Quilter platform migration could extend into 2020

Delay would add to costs that are already creeping near £160m


Quilter will begin the migration of advisers’ assets onto its newly launched UK platform this autumn but has cautioned this process could extend well into 2020.

It is aiming to have transferred an initial 10% of assets under administration from the existing platform, representing the assets from around 100 adviser firms, in early autumn.

If the migration is completed by the end of 2019 Quilter expects costs to be on the upper end of its £120m and £160m guidance range. But it said this process could feasibly extend into the first half of 2020, in which case it would incur “modest additional programme costs”.

So far the wealth manager has spent £79m on revamping its platform since May 2017.

Quilter has stated that transforming its platform business is key a step in realising its ambition of becoming the leading UK wealth manager.

Once operational, the finished UK platform will allow the wealth manager to widen its product set to include Sipp capabilities, Junior Isas and cash accounts. It will also be able to hold assets such as ETFs and investment trust shares.

“This will provide us with the opportunity to target a broader and higher net worth customer segment in the UK market than we are currently reaching,” said the group’s CEO Paul Feeney (pictured). “It will significantly enhance our position in the UK platform market by providing us with a modern, resilient system built on current technology rather than legacy code as is the case with the current platform.”

Quilter completed the first stage of the transformation programme when it soft launched the platform at the beginning of last month.

The final platform is due to be unveiled by early summer, the wealth manager said. The platform, which will incorporate full adviser functionality, is currently in the last stages of development and undergoing “rigorous testing”.

Not the finished article

The updates on the platform transformation were included in the group’s first set of annual results since separating from Old Mutual plc on 25 June 2018 and listing on the London and Johannesburg Stock Exchanges under the Quilter umbrella.

Simultaneously it also sold off the Richard Buxton-led single strategies business, now known as Merian Global Investors, which netted it £583m.

Feeney said on Tuesday that selling the single strategies business was consistent with Quilter’s objective of building the UK’s leading wealth management company.

“As I have said on many occasions, we know that Quilter is not the finished article,” he said. “The task that my team and I are undertaking is nothing less than a multi-year transformation of our business.”

Multi-asset business struggles

Feeney said the group was pleased to deliver “a strong set of maiden full year results” in what was a “landmark year in the history of Quilter”. Profits before tax at the group were £233m for the year, up 11% from £209m in 2017.

However, the group saw a marked decrease in net client cash flows during the year. Excluding the Quilter Life Assurance business net flows were £4.7bn in 2018, weaker than the consensus prediction of £5.2bn and down 38% from the £7.6bn in net client money it brought in the year before.

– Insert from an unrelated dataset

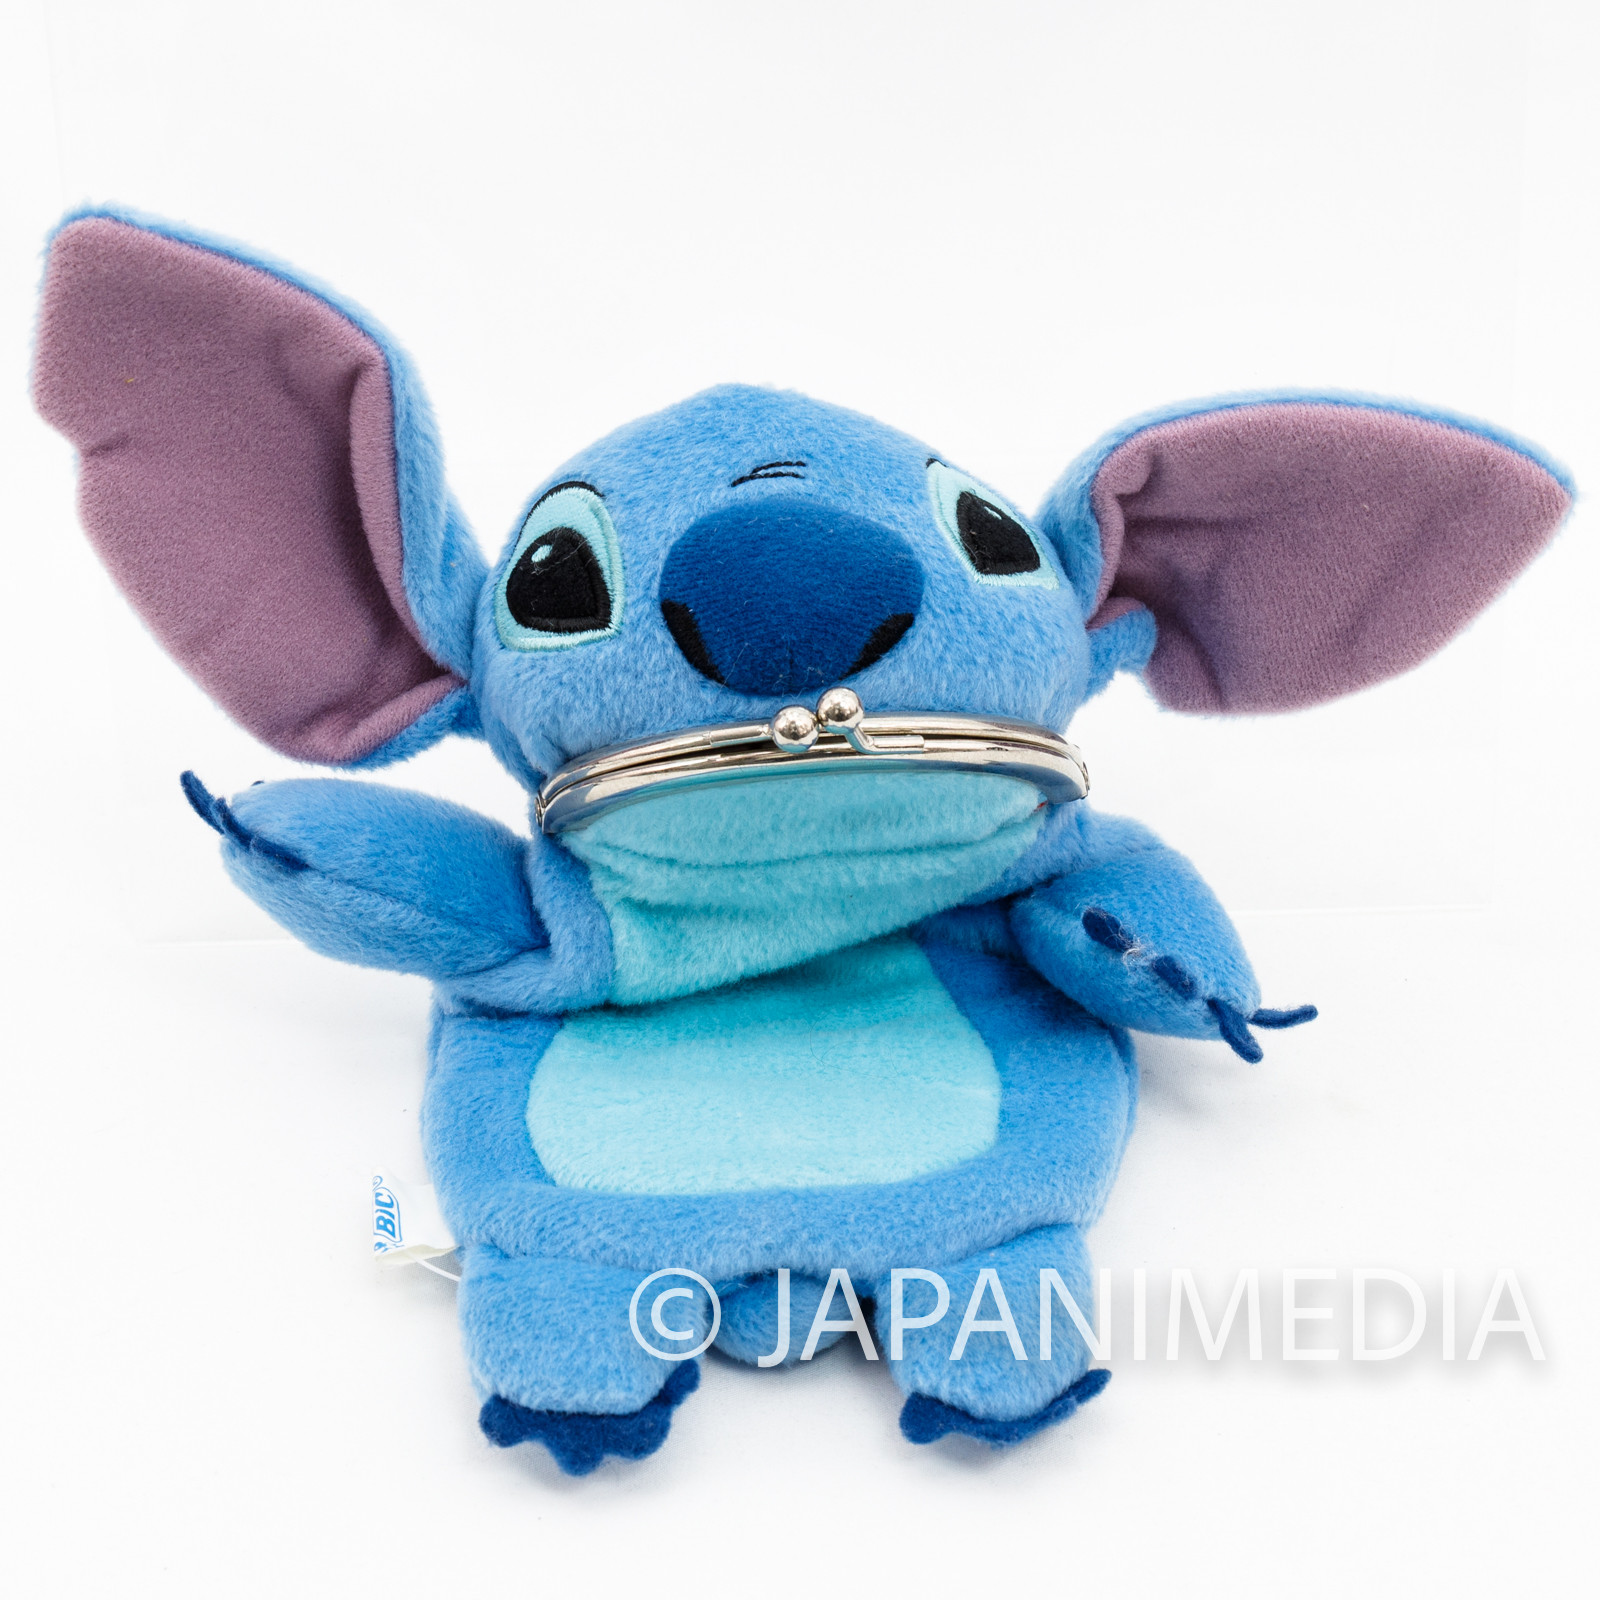 Stitch Plush type Gamaguchi Pen Case Disney

In particular Feeney said the firm’s multi-asset group Quilter Investors suffered. The largest fund in the range, the £8.3bn Cirilium active portfolio, had a “disappointing first half of 2018” though Feeney said it has started this year strongly.

The impact from negative market movements of -£7.8bn was also worse than the consensus view of -£6.3bn worth of damage.

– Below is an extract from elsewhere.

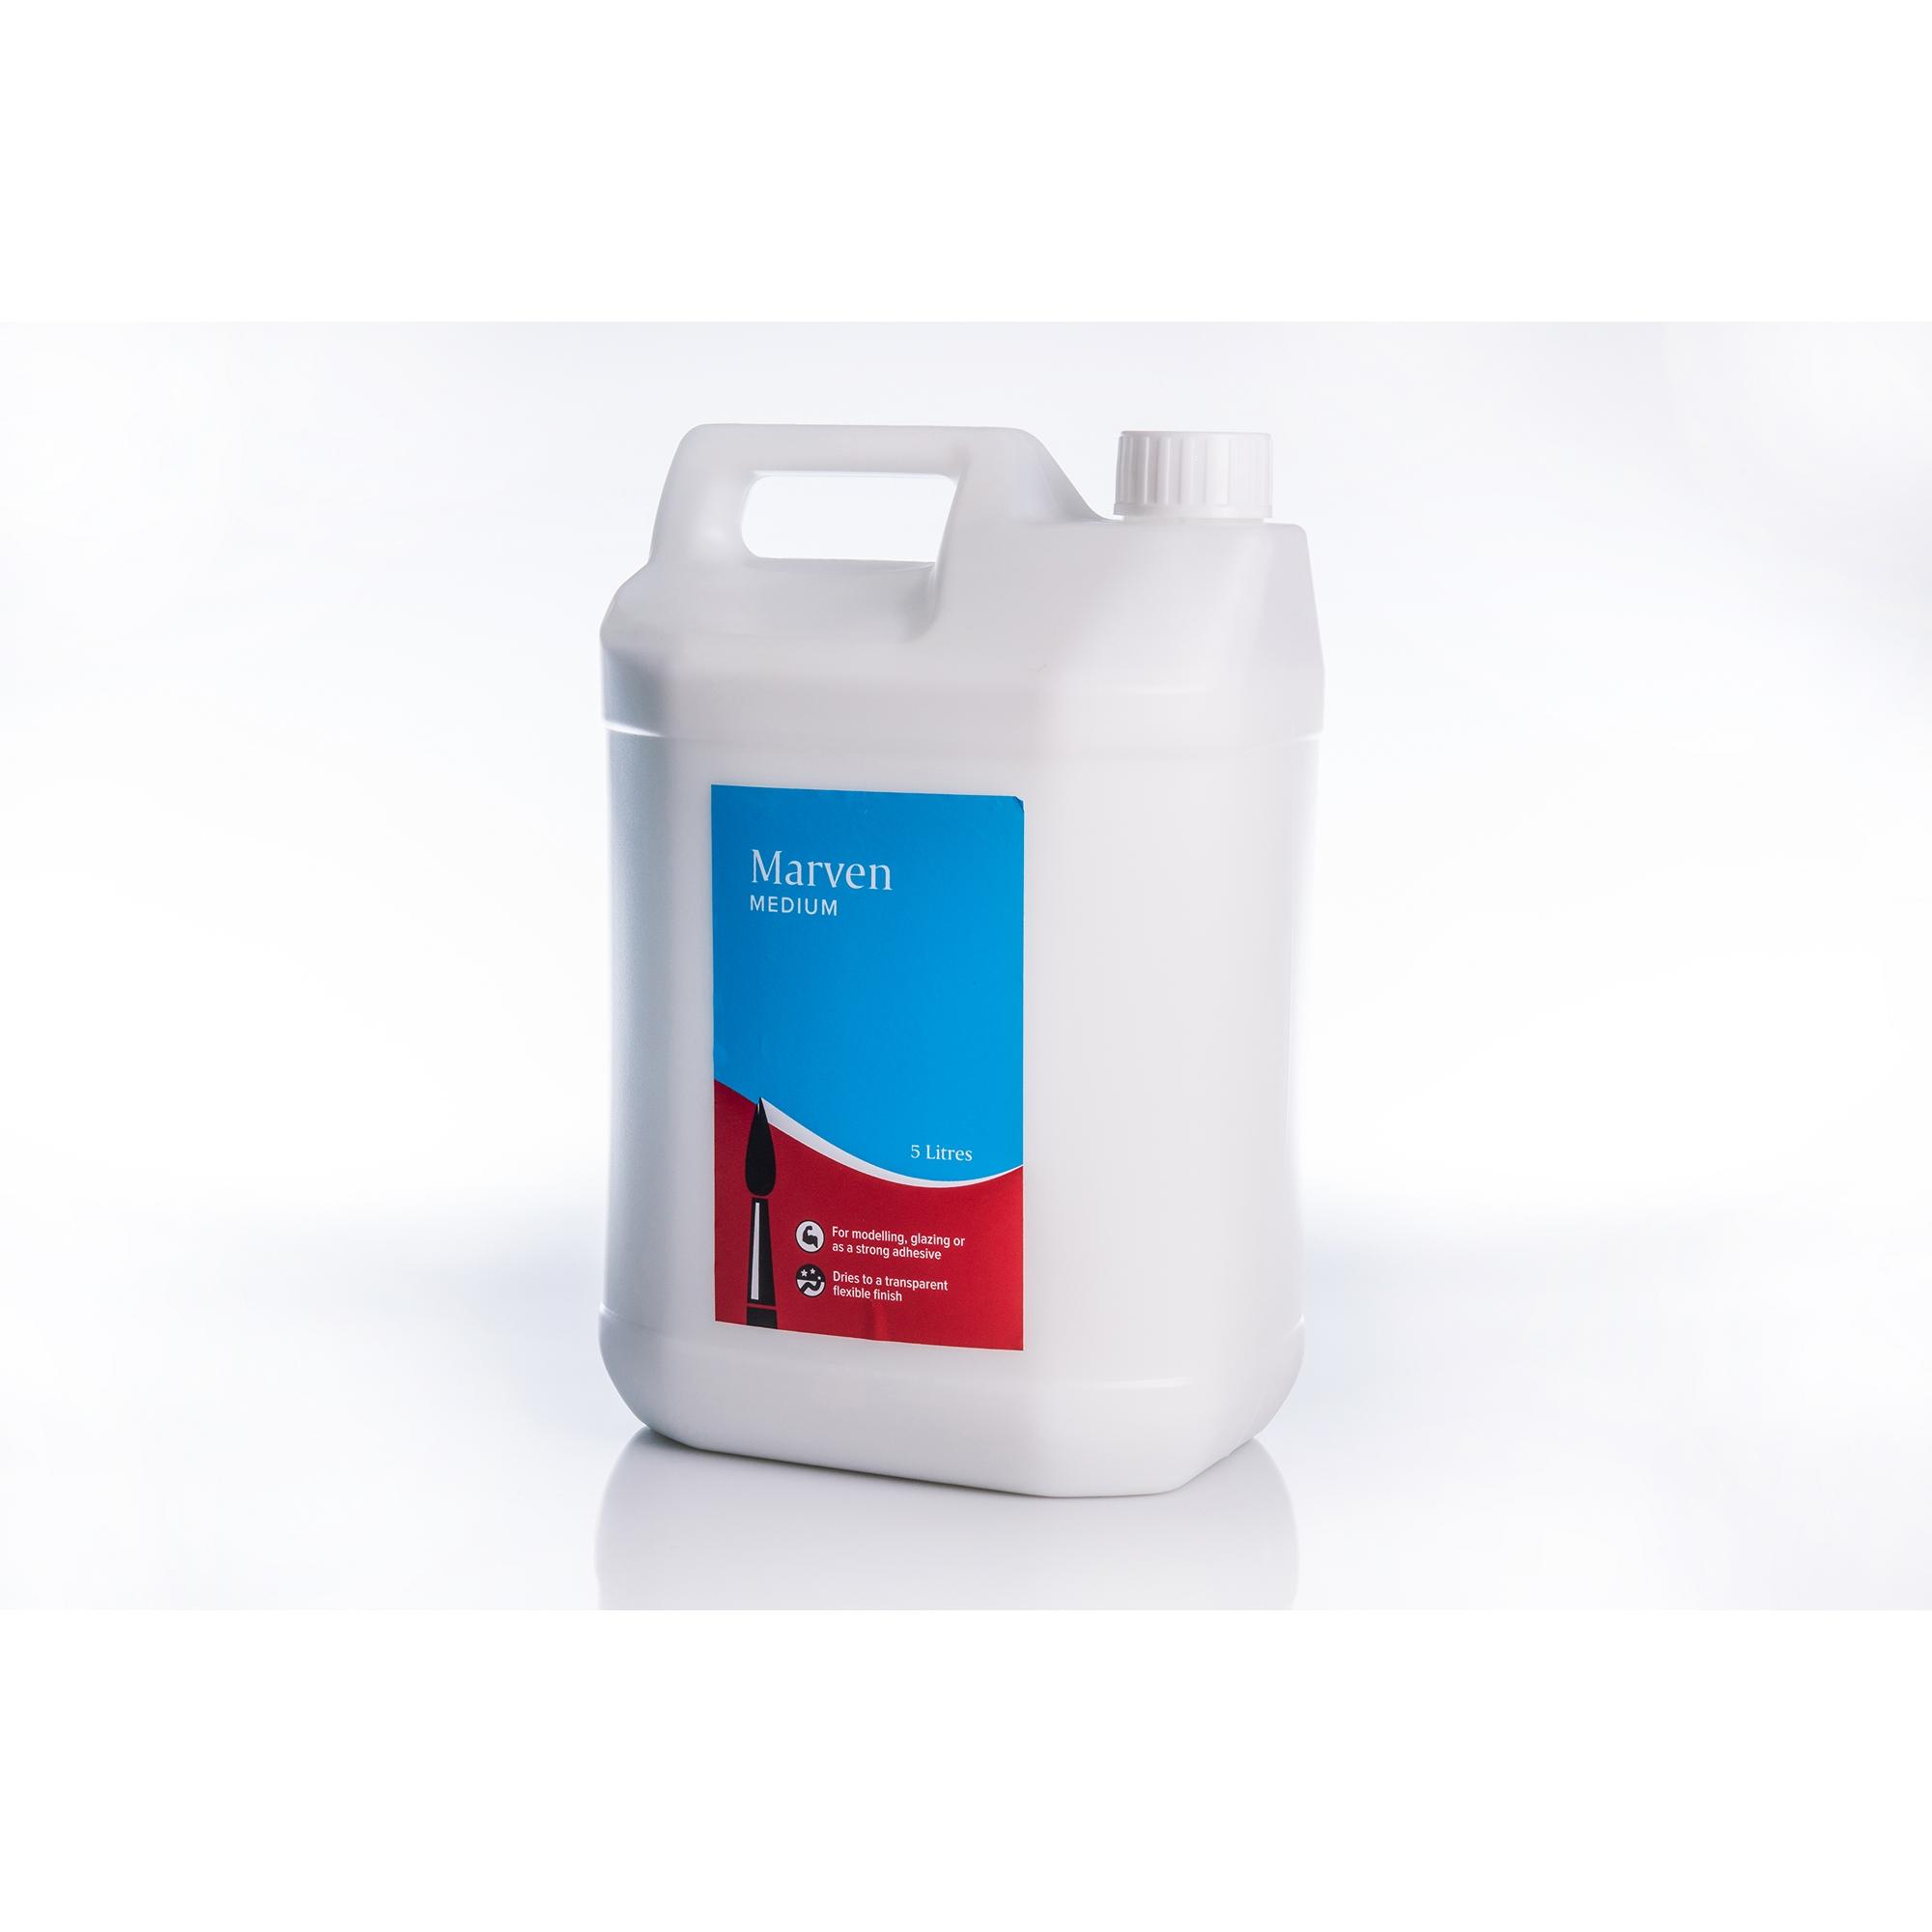 Marven Medium PVA Glue 5L

As a result, total assets under management shrunk, falling 4% from £114bn in 2017 to £109bn in 2018.

Outflows ahead

Feeney cautioned shareholders that “2019 will throw up other challenges for Quilter” which may see the group “undershoot” its growth target.

The impact on investor appetite from Brexit and market uncertainty combined with the teething problems of migrating advisers onto the new platform could contribute to a slowdown in the flow of new money, he said.

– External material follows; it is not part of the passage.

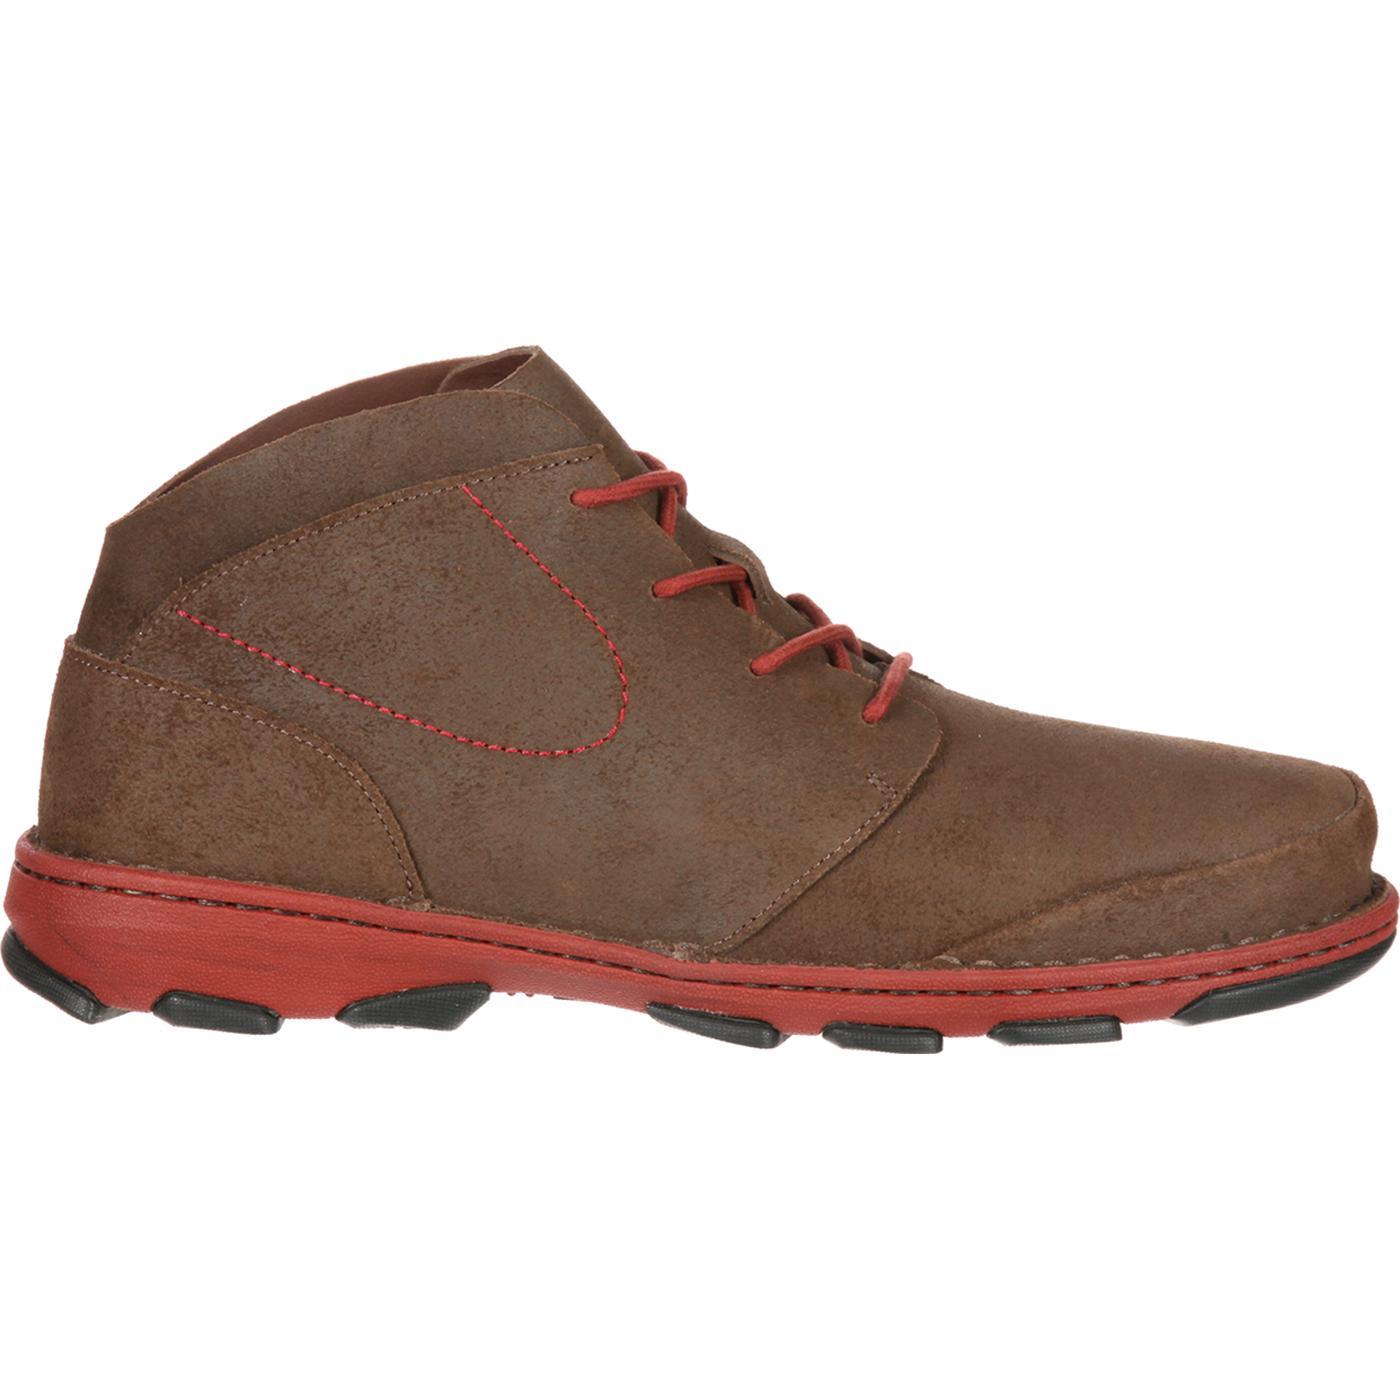 waterproof hi s boots tough bk men shoes dryshod barnyard black dungho boot comfortable product mens dng comforter mh work

“As a result of both of these factors, while we remain confident in a target of 5% growth for NCCF on a medium-term basis, we may undershoot this target during calendar year 2019.”

He said a reduction in the group’s headcount of investment managers would also dent client flows in the short-term. The number of managers at the firm dropped from 168 in mid-2018 to 155 by the end of the year after “a small number of resignations from a particular cohort of investment managers” following the firm’s listing.

“While we have mitigation plans in place to reduce potential client departures, we are expecting this could lead to higher than trend outflows for Quilter Cheviot in the second half of 2019 and early 2020,” said Feeney. “Growing our IM count is a key focus for 2019 and recruitment is ongoing with a number of new starters in the pipeline.”

Shares in Quilter rose steadily during trading on Tuesday morning and were up 5.5% at 139p at the time of writing.